Potato Nachos (gluten-free, corn-free nachos)
Nachos are our favorite special Sunday dinner treat. Though here in Argentina it’s hard to find corn tortilla chips. Now and then we come across some in a store, and just as quickly they are gone. There are small flour tortillas for sale here- but since I don’t eat wheat, I certainly don’t want to make nacho chips out of them. I also know people who don’t eat corn or wheat. In which case, this recipe is for you!
As I’ve mentioned before, one of the great things about not having many foods ready-made, off the shelf is that I have learned to make everything from scratch.
Yes, putting corn chips in a pan is so easy... and I still do it when I can get some. However, we actually PREFER this version of nachos using potatoes. It’s a little more work, but oh-so-tasty.
I generally don't eat dairy. But this meal is one of my exceptions. These nachos are good even without cheese, but I do go for a little on mine. I don’t have an allergy to lactose- I just prefer not to load my body down with milk products, especially if they aren’t organic (which doesn’t exist in Argentina). Skipping the dairy products makes it so much easier to maintain my ideal body weight, and I feel lighter and more energetic in general.
That said, I don’t like to be rigid or afraid of food either. I firmly believe that the spirit in which you eat is often more important than the actual food. So I always envision my meals nourishing me and giving my cells exactly what they were needing.
(One thing I don't indulge in is guilt. If I chose to eat it, then it must’ve been the best thing for me at that time. Fear and guilt do not help.)
In this recipe I vary the types of potatoes I use. Waxy ‘new’ potatoes work well, as do the larger baking potatoes. I have also made this with potatoes cut into wedges or cubes. It still tastes delicious, but the sliced form feels more like nachos. Plus, the thin slices get crispier, which we prefer. However you cut the potatoes, these still aren’t finger-food. It's really a layered, baked, Mexican potato dish that we call ‘nachos’. :-)
I cook my own beans from scratch, but you can use canned. My husband doesn’t really like whole beans in meals (we all have our idiosyncracies!), so I blend them with some water into a thick puree. This also makes them easy to pour over the nachos. You can choose what you prefer (drained, whole beans, or pureed, refried-style).
I also make my own easy salsa, because jars of salsa are hard to come by in Argentina. (What isn't, right?) Feel free to use your favorite jar of salsa.
Usually I smash up the avocados with salt and lemon juice. You could also mix the avocado into the salsa to make an easy guacamole.
For the type of cheese: I recommend either a mozzarella, mild cheddar, or a gouda.
As you can tell, there’s lots of room for variety. My version goes like this: Roasted potatoes, pureed beans and cheese (an Argentine type that is similar to gouda), topped with fresh salsa, smashed avocado, and my husband puts pickled jalapeños on top.

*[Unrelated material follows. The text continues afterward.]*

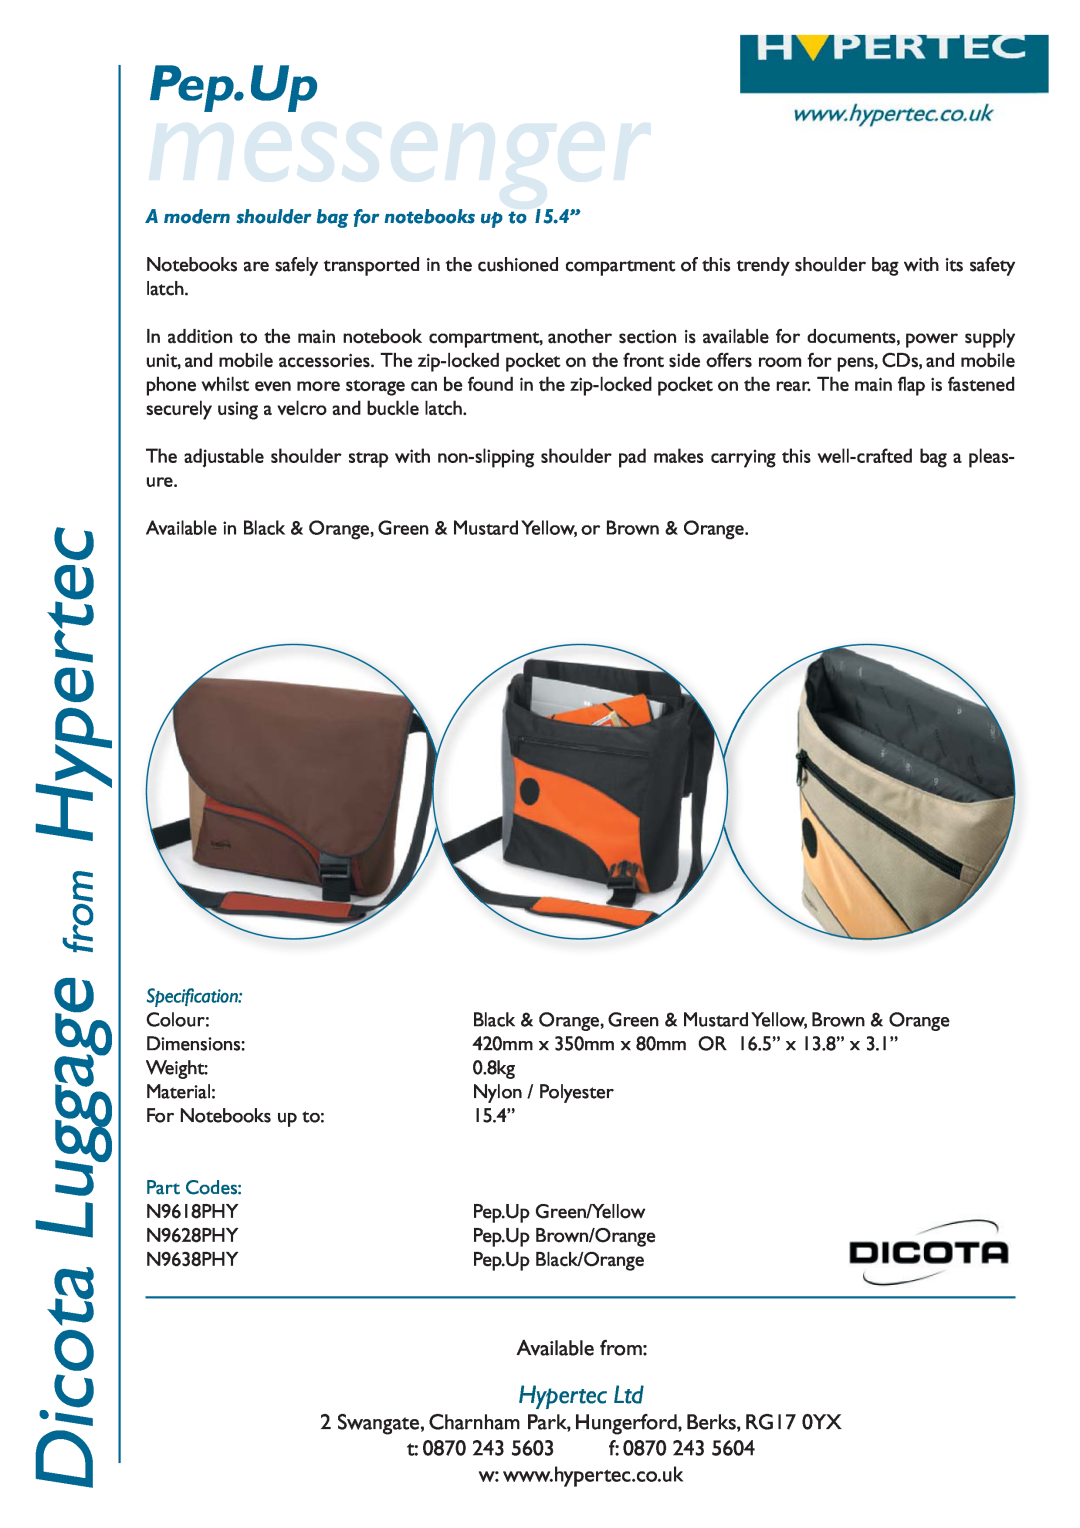 Hypertec N9618PHY dimensions messenger, Dicota Luggage from Hypertec, Pep.Up, Available from, t 0870 243, Specification

Now the recipe for corn-free, gluten-free Potato Nachos!
Recipe for Potato Nachos
Takes about 1 hour start to finish, including making fresh homemade salsa.
See below for photos.
2.2 lbs (1 kilo) Potatoes (any type- cleaned and sliced into thin rounds no more than 1/4” thick)
1- 1.5 cups cooked beans (black or pinto)
1- 2 cups cheese (grated)
1 teaspoon ground coriander (optional)
2- 3 avocados
Fresh lemon juice
Salsa (homemade or jar of your choice)
Pickled jalapeños (optional)
Heat oven to 400F (200C)
Wash and thinly slice the potatoes into thick ‘chips'.
Put some olive oil and salt in the bottom of a large flat baking tray.
Layer in the sliced potatoes, adding salt to each layer. In my pan this works out to about two layers.
Salt generously and drizzle more olive oil over the top.
Roast in the oven for 25-35 minutes. Flip and toss and redistribute once or twice for even cooking. When done, they should be thoroughly cooked and starting to get crispy.
While the potatoes cook, prepare the salsa, avocados, and beans...
• Avocados- Smash the avocado flesh with a fork. Add salt and lemon juice to taste.
• Beans- Cover the cooked beans with water (or their own juice), add the teaspoon coriander. Puree with a hand blender stick until smooth and just pourable.
When the potatoes are done cooking, top with the beans and cheese (optional) and cook for another +/- 10 minutes until the cheese is melted and bubbly.
Serve immediately with salsa, cilantro, smashed avocado or guacamole, pickled jalepeños, and other nacho toppings of choice.